Swiss non-discrimination principles may prevent recognition of Sharia-based inheritance and probate documents in Switzerland

Switzerland

A. Introduction

In a recent decision (BGE 143 III 51, 21 November 2016), the Swiss Federal Tribunal refused the recognition of a certificate of inheritance ("acte d'hoirie") established by an Egyptian Court. The Federal Tribunal considered the certificate of inheritance to be manifestly incompatible with the Swiss public policy ("ordre public") by contradicting the fundamental principles of the Swiss legal order in an unacceptable way.

B. Facts

The deceased, an Egyptian citizen born in 1940 and of Muslim faith died on 10 March 2007 without leaving any descendants or ascendants. He was married to a German citizen of Christian faith according to Egyptian and Sharia law. His estate includes properties located in France and Egypt, as well as movable assets deposited with banks in France, Germany, and Switzerland. On 5 May 2007 the Court for Family Affairs in Egypt issued the certificate of inheritance and ordered the devolution of the estate to the siblings of the deceased. The wife of the deceased did not participate in the procedure of the certificate of inheritance. Moreover, she was not mentioned therein. On 6 August 2010 the siblings of the deceased, wishing to receive the assets deposited in the two banks in Geneva, applied to the Court of First Instance of Geneva for recognition of the certificate of inheritance issued by the Egyptian Court. On 5 July 2011 the Court of First Instance of Geneva declared the application for recognition inadmissible as the certification of inheritance has neither been submitted in original nor with any additional certificate confirming that the certificate of inheritance has attained legal force. The judgement of the Court of First Instance of Geneva was affirmed by the Cantonal Court of Geneva on 23 March 2012.

However, on 18 July 2012 the second Civil Law Department of the Federal Tribunal admitted the appeal of the siblings and remitted the case to the Court of First Instance of Geneva for reconsideration. On 20 July 2015 the Court of First Instance of Geneva recognised and declared enforceable the certificate of inheritance. On 22 April 2016 the Cantonal Court of Geneva set aside this judgement of the Court of First Instance and rejected the application for recognition of the certificate of inheritance. Finally, the siblings lodged an appeal in civil matters and a constitutional appeal before the Federal Tribunal.

C. Summary

The Federal Tribunal stated that the Egyptian legislation does not recognise the succession between a Muslim and a non-Muslim. Moreover, under the Egyptian legislation, female descendants inherit only half of what male descendants inherit. Consequently, the recognition of the present certificate of inheritance in Switzerland would lead to the point that, on one hand, the widow could not assert any rights regarding the movable assets located in Switzerland due to her religion and, on the other hand, the sisters of the deceased could only claim fewer rights than their brothers due to their sex. These consequences therefore violate the Swiss fundamental principle of non-discrimination; inter alia, gender and religious convictions which fall within the scope of the Swiss public policy. Such drastic discriminations are not acceptable from a Swiss point of view even where the only connection to Switzerland is the location of the movable assets.

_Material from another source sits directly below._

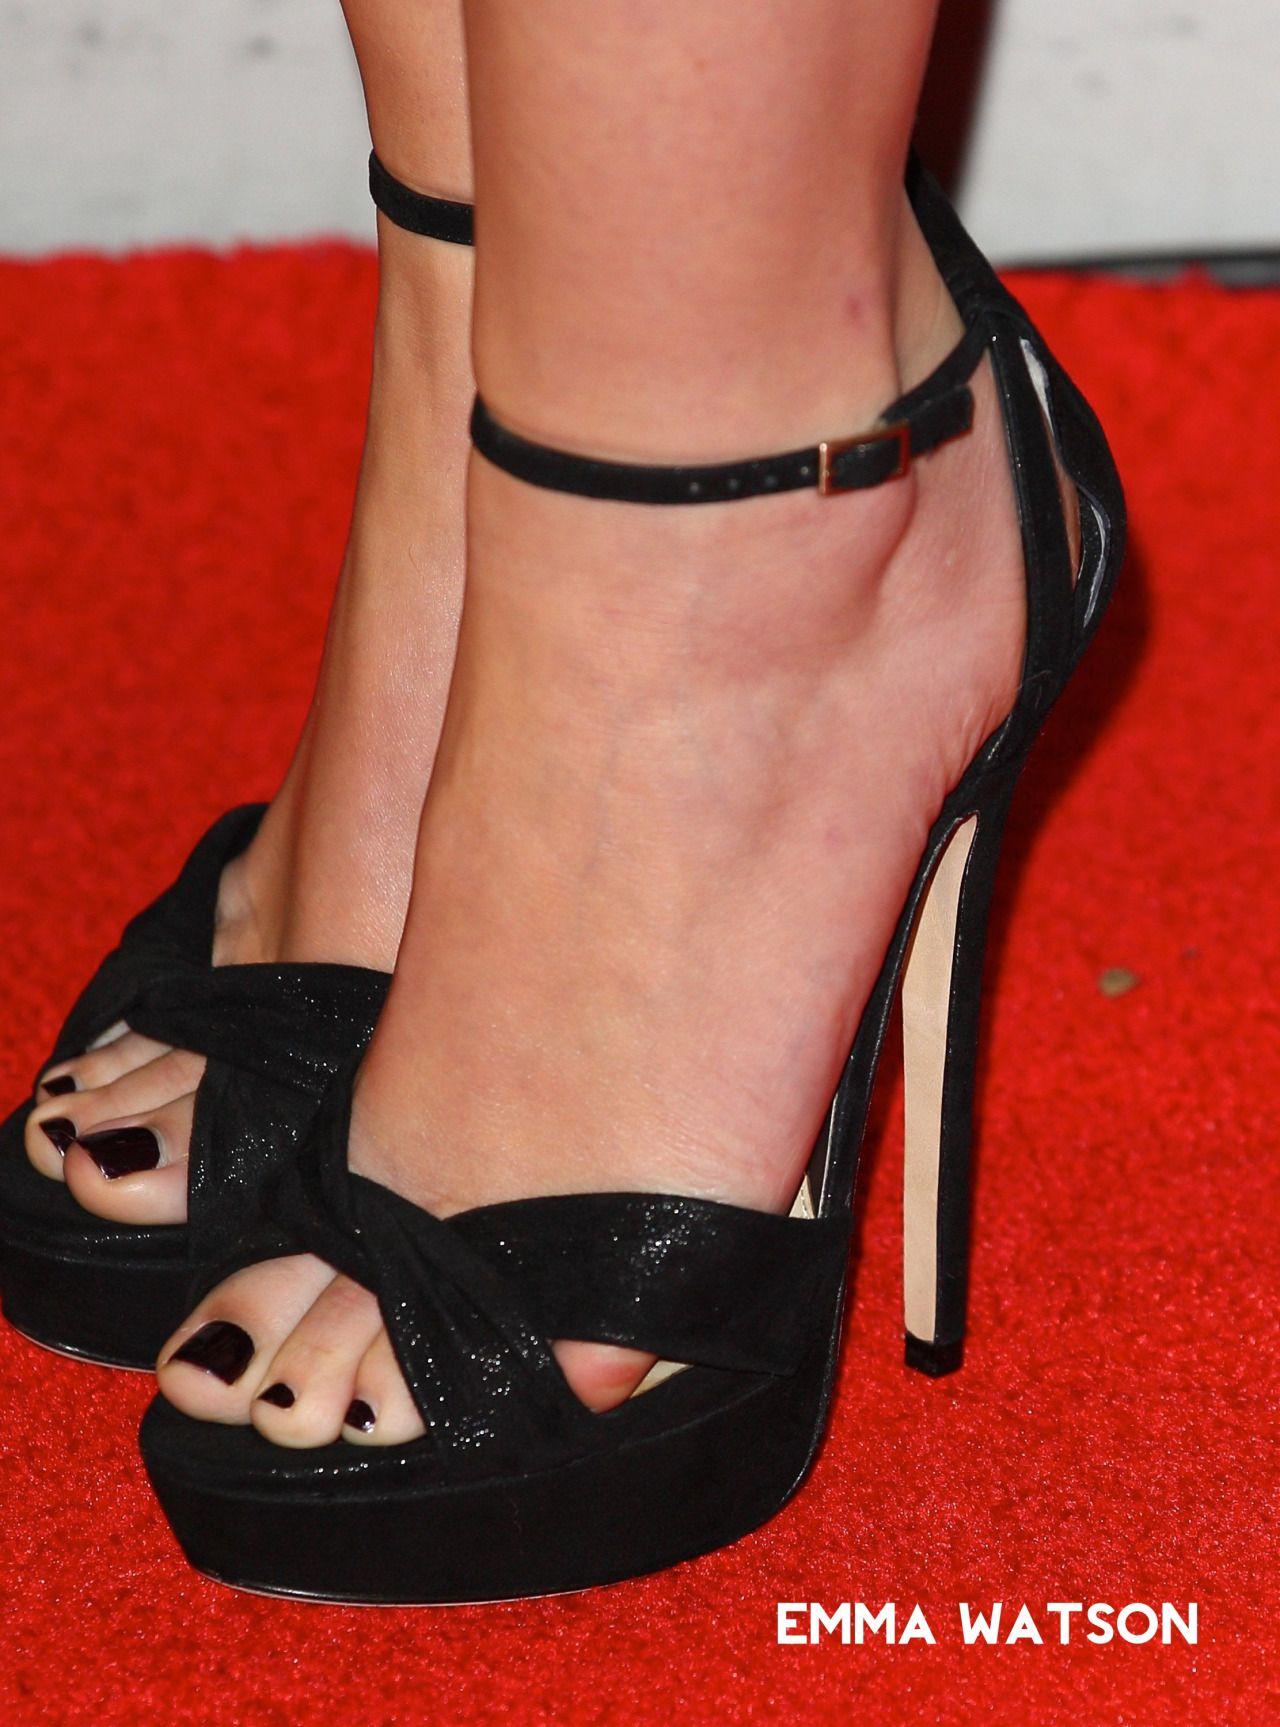 Pin On More Of Girls Feet 1

The siblings complained in their appeal that by refusing the recognition of the certificate of inheritance the judges of the canton of Geneva incorrectly applied the public policy, which constitutes one of the grounds for refusal pursuant to article 27 of the Swiss Federal Act on International Private Law. In particular, they claimed the absence of domestic connection to Switzerland.

The Federal Tribunal held that the recognition of a foreign decision should be refused if it is manifestly incompatible with the Swiss public policy. Furthermore, it reiterated that the public policy reservation has to be interpreted restrictedly, especially in cases of recognition and enforcement of foreign decisions. According to the Swiss jurisprudence, the intervention of the public policy reservation requires that the respective case has a "sufficient connection" to Switzerland. In the present case the requirement of the domestic connection is fulfilled as the movable assets are located in Switzerland. Therefore, the alleged incorrect application of the public policy reservation was held to be unfounded.

Finally, the Tribunal Federal stated that the certificate of inheritance substantively violates the Swiss public policy by running against the fundamental principles of the Swiss legal order. Therefore, the appeal in civil matters was rejected and the constitutional appeal was found inadmissible.

D. Outlook and consequences

This decision is of great importance for lawyers, estate planners and Swiss banks due to its substantial impact on estate planning and the devolution of foreign estates located in Switzerland. It is yet to be seen how the banks will react to this new jurisprudence. In order to avoid non-recognition of Sharia-based estate planning due to inconsistency with Swiss law, adequate consideration of the abovementioned decision is highly recommended.